Although treatment of the reaction layer with a suitable reagent(s) may be
performed at the time at which diagnostic tests are to be performed,
including addition of the test reagent(s) both immediately preceding and
following introduction of the sample containing the analyte to the
well(s), the present invention is expected to have greatest applicaion to,
and a preferred embodiment includes, a composite membrane in which the
reaction layer has been pretreated with at least one test reagent.
Typically, pretreatment is conducted after the composite membrane has been
sealed to the wells but before the device is shipped to a user. If the
reagent(s) is not heat sensitive, the membrane may be treated before
assembling the composite membrane.
A useful method of binding reagents of a molecular nature, especially
macromolecules, and particularly those of a biological nature, is
disclosed in U.S. Pat. No. 4,693,985, specifically incorporated herein by
reference. This patent describes a method for immobilizing a wide range of
biologically active substances as acceptor molecules on active membranes.
The acceptor-bound membranes described in the application are capable of
immobilizing and binding a wide variety of biologically-active compounds,
specifically ligands, to the acceptor molecules. Using such reaction
layers or membranes permits the testing of bodily fluids, such as blood,
serum, plasma, urine, saliva, and the like, and testing for particular
substances by chemical assays or immunoassays, such as those where a
specific label is employed, such as one indicating enzyme activity or an
electromagnetic energy absorbing and/or emitting label, such as a
fluoroescent label. The macromolecules used as reagents and bound to the
reaction layer or which are assayed for using the device of the present
invention generally include materials of a biological nature and are
frequently proteinaceous in nature. The reagent or acceptor molecule bound
directly to the reaction layer or the ligand being tested for include such
substances as immunoglobulins or antibodies, either polyclonal or
monoclonal, antigenic substances, apoproteins, receptors, glycoproteins,
lectins, carbohydrates, hormones, enzymes, carrier proteins, heparin,
coagulation factors, enzyme substrates, inhibitors, cofactors, nucleic
acids, etcetera.
Placed below, preferably in intimate contact with or, most preferably,
adhered, bonded, or otherwise secured to the reaction layer, particularly
at the periphery of each well, is a porous sealing layer which serves
several purposes. Strongly preferred for use as a sealing layer is a very
porous liquophobic structure.

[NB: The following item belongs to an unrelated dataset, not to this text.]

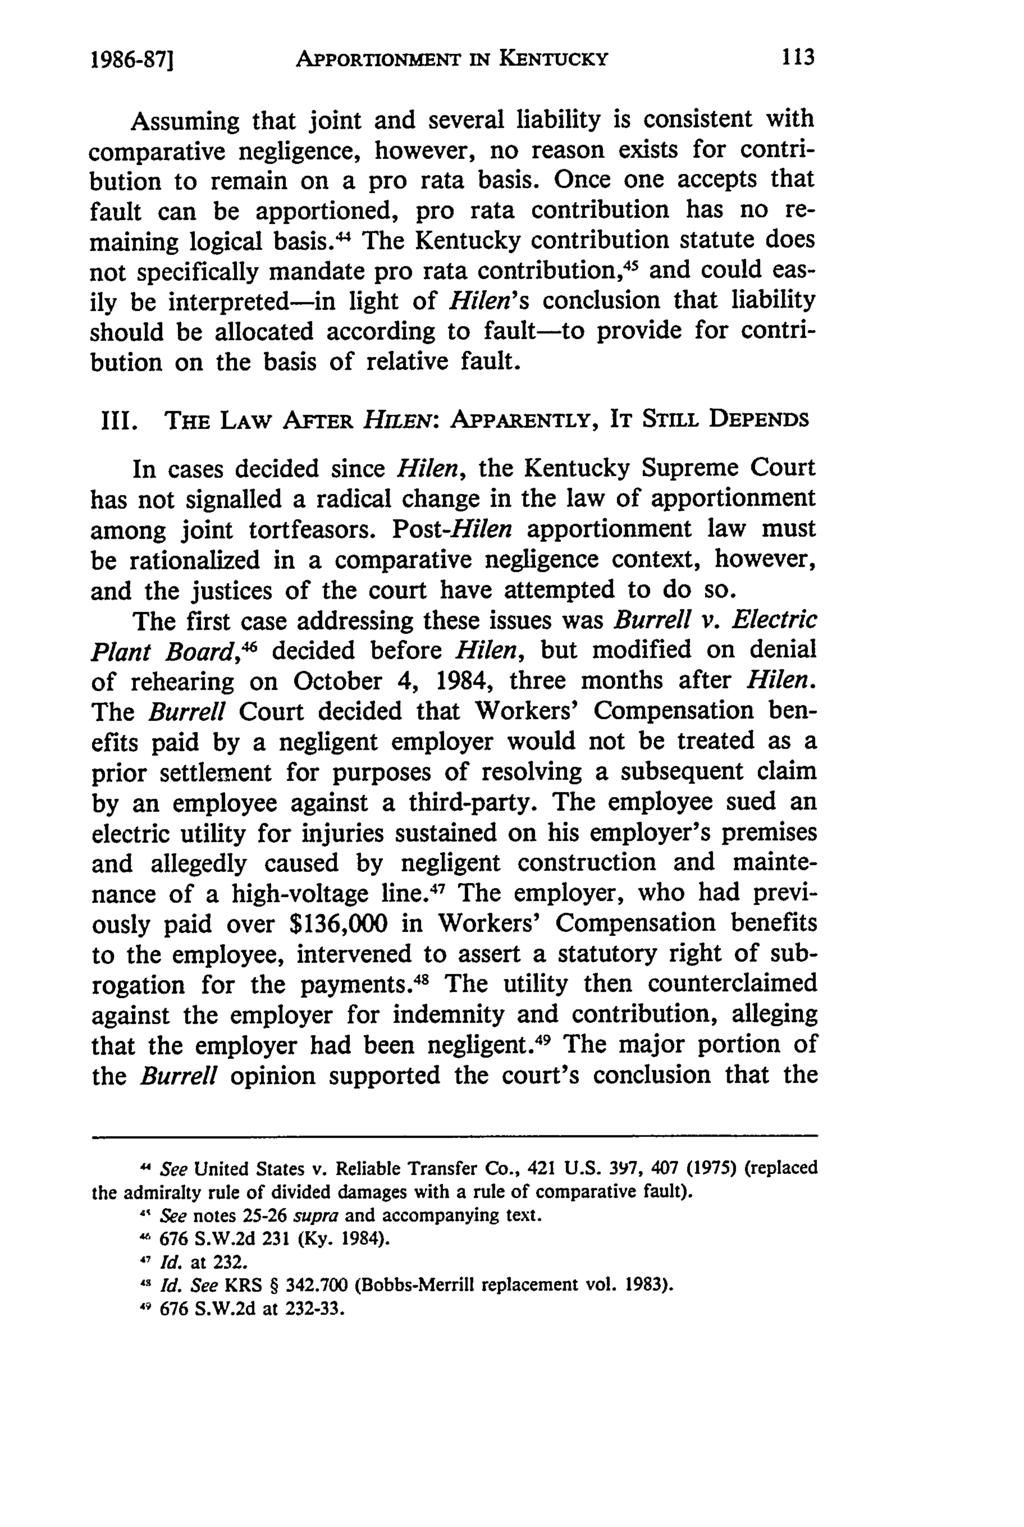 1986-87] APPORTIONMENT IN KENTUCKY Assuming that joint and several liability is consistent with comparative negligence, however, no reason exists for contribution to remain on a pro rata basis.

The term "liquophobic" as used herein is
effectively the obverse of the term "liquophilic", that is, a liquophobic
material has a critical surface energy lower than the surface tension of
the applied liquid and is not readily or spontaneously wetted by the
applied liquid(s). Liquophobic materials are characterized, then, by a
high contact angle between a drop of liquid placed on the surface and the
surface. Such a high contact angle indicates poor wetting. The porous
sealing layer assists in bonding the reaction layer to the barrier layer.

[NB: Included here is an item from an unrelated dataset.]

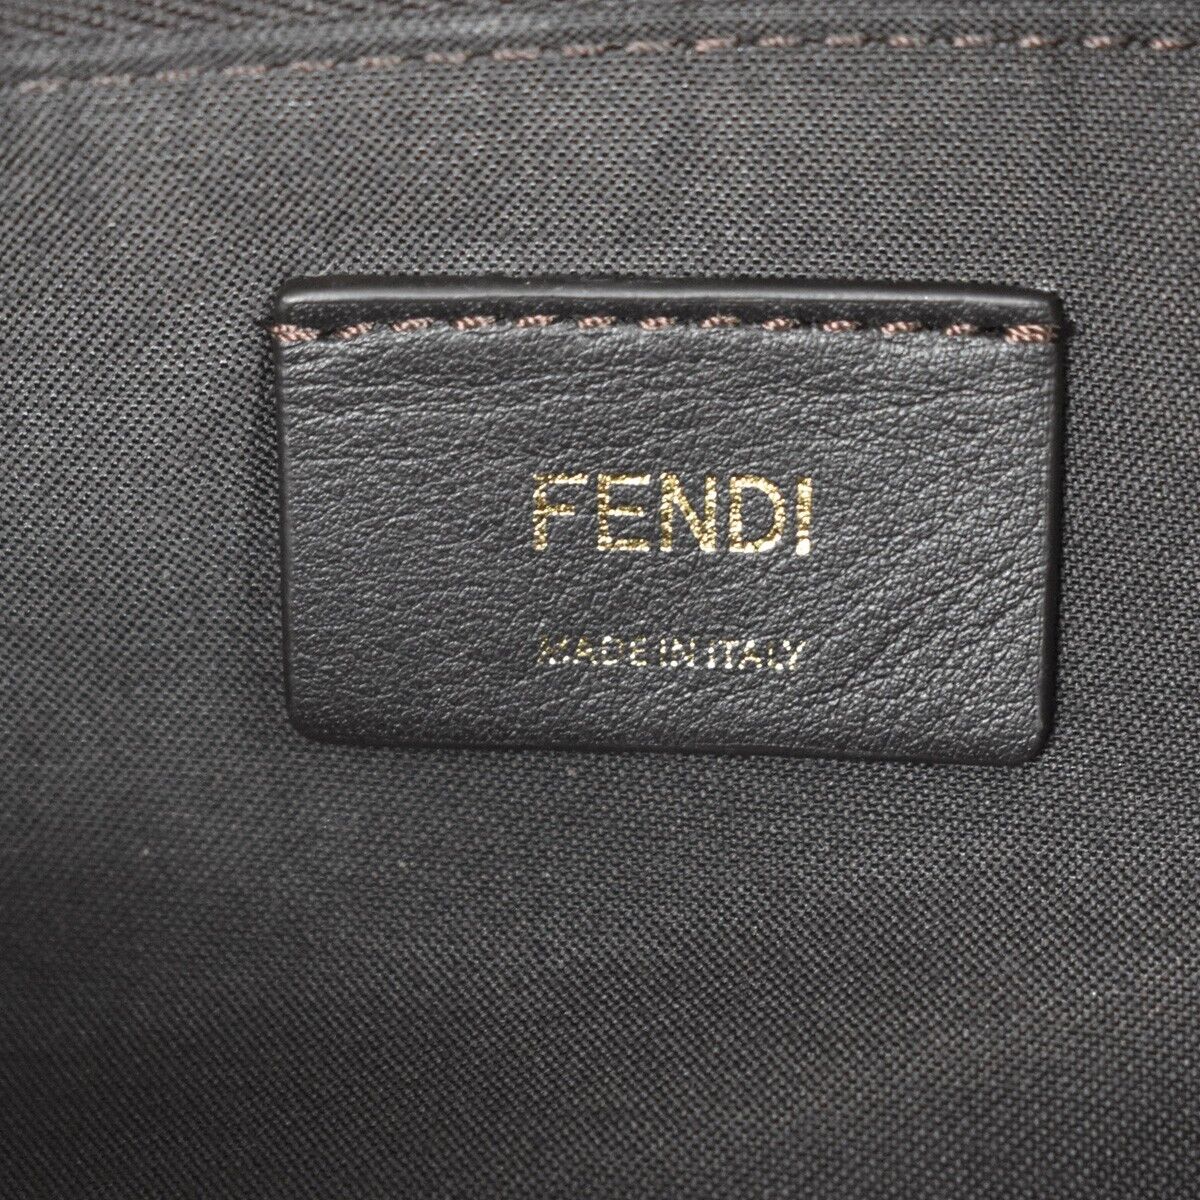 Fendi By The Way Beige Leather Handbag (Pre-Owned)

It also makes it possible to form a liquophobic seal at the periphery of
the well, thereby eliminating cross-talk by diffusion or wicking. The use
of such material in the sealing layer also provides the composite membrane
with the ability to withstand or maintain a pressure differential. For
example, it prevents, without the application of vacuum or high pressures,
penetration of liquid through the composite membrane and the concomitant
loss of liquid from the well by dripping. Thus, at specified pressure
conditions, generally close to or at atmospheric pressure, liquid is
retained within a well. However, when reduced pressure is applied to the
downstream side of the composite membrane or super atmospheric pressure is
applied to the upstream side of the membrane, liquid readily drains from
the well.
Materials suitable for use as the sealing layer, in addition to being
liquophobic, preferably are hydrophobic and are also significantly more
porous than the reaction layer. Such material may be present in sheet or
fiber form, either woven or unwoven. Suitable materials include
polyamides, linear polyesters, such as esters of ethylene glycol and
terephthalic acid, polyolefins, such as polypropylene, polyethylene,
polymethylpentene, and polyisobutylene, as well as copolymers formed by
copolymerizing the monomers used to form the aforementioned homopolymers,
such as ethylene-propylene copolymers. Mixtures or blends of such polymers
can also be used. The polyolefins are preferred and polypropylene is
particularly preferred.
The third or downstream layer constitutes a barrier layer which,
preferably, is in intimate contact with or, most preferably, is adhered,
bonded, or otherwise secured to the sealing layer, particularly at the
periphery of each well. It is this layer, provided with at least one, and
preferably only one, aperture located substantially at the center of the
well, which permits a drop of liquid to pass from the well, under
application of positive or negative gauge pressure, i.e., super
atmospheric pressure applied upstream of the composite membrane or reduced
pressure applied downstream of the membrane, and to drop from the plate
without radial migration to another well. The apertures can also serve as
restriction means, controlling the flow rate of liquid through the
composite membrane. Thus, the barrier layer, because of the nature of the
material used therein, i.e., a highly liquophobic, preferably hydrophobic,
material, enhances isolation between wells and forces the liquid passing
through the composite membrane to form small drops at the hole in the
barrier layer. These drops, rather than spreading radially when passing
through a porous or microporous liquophilic material (such as the material
of the reaction layer used alone or in conjunction with the sealing layer)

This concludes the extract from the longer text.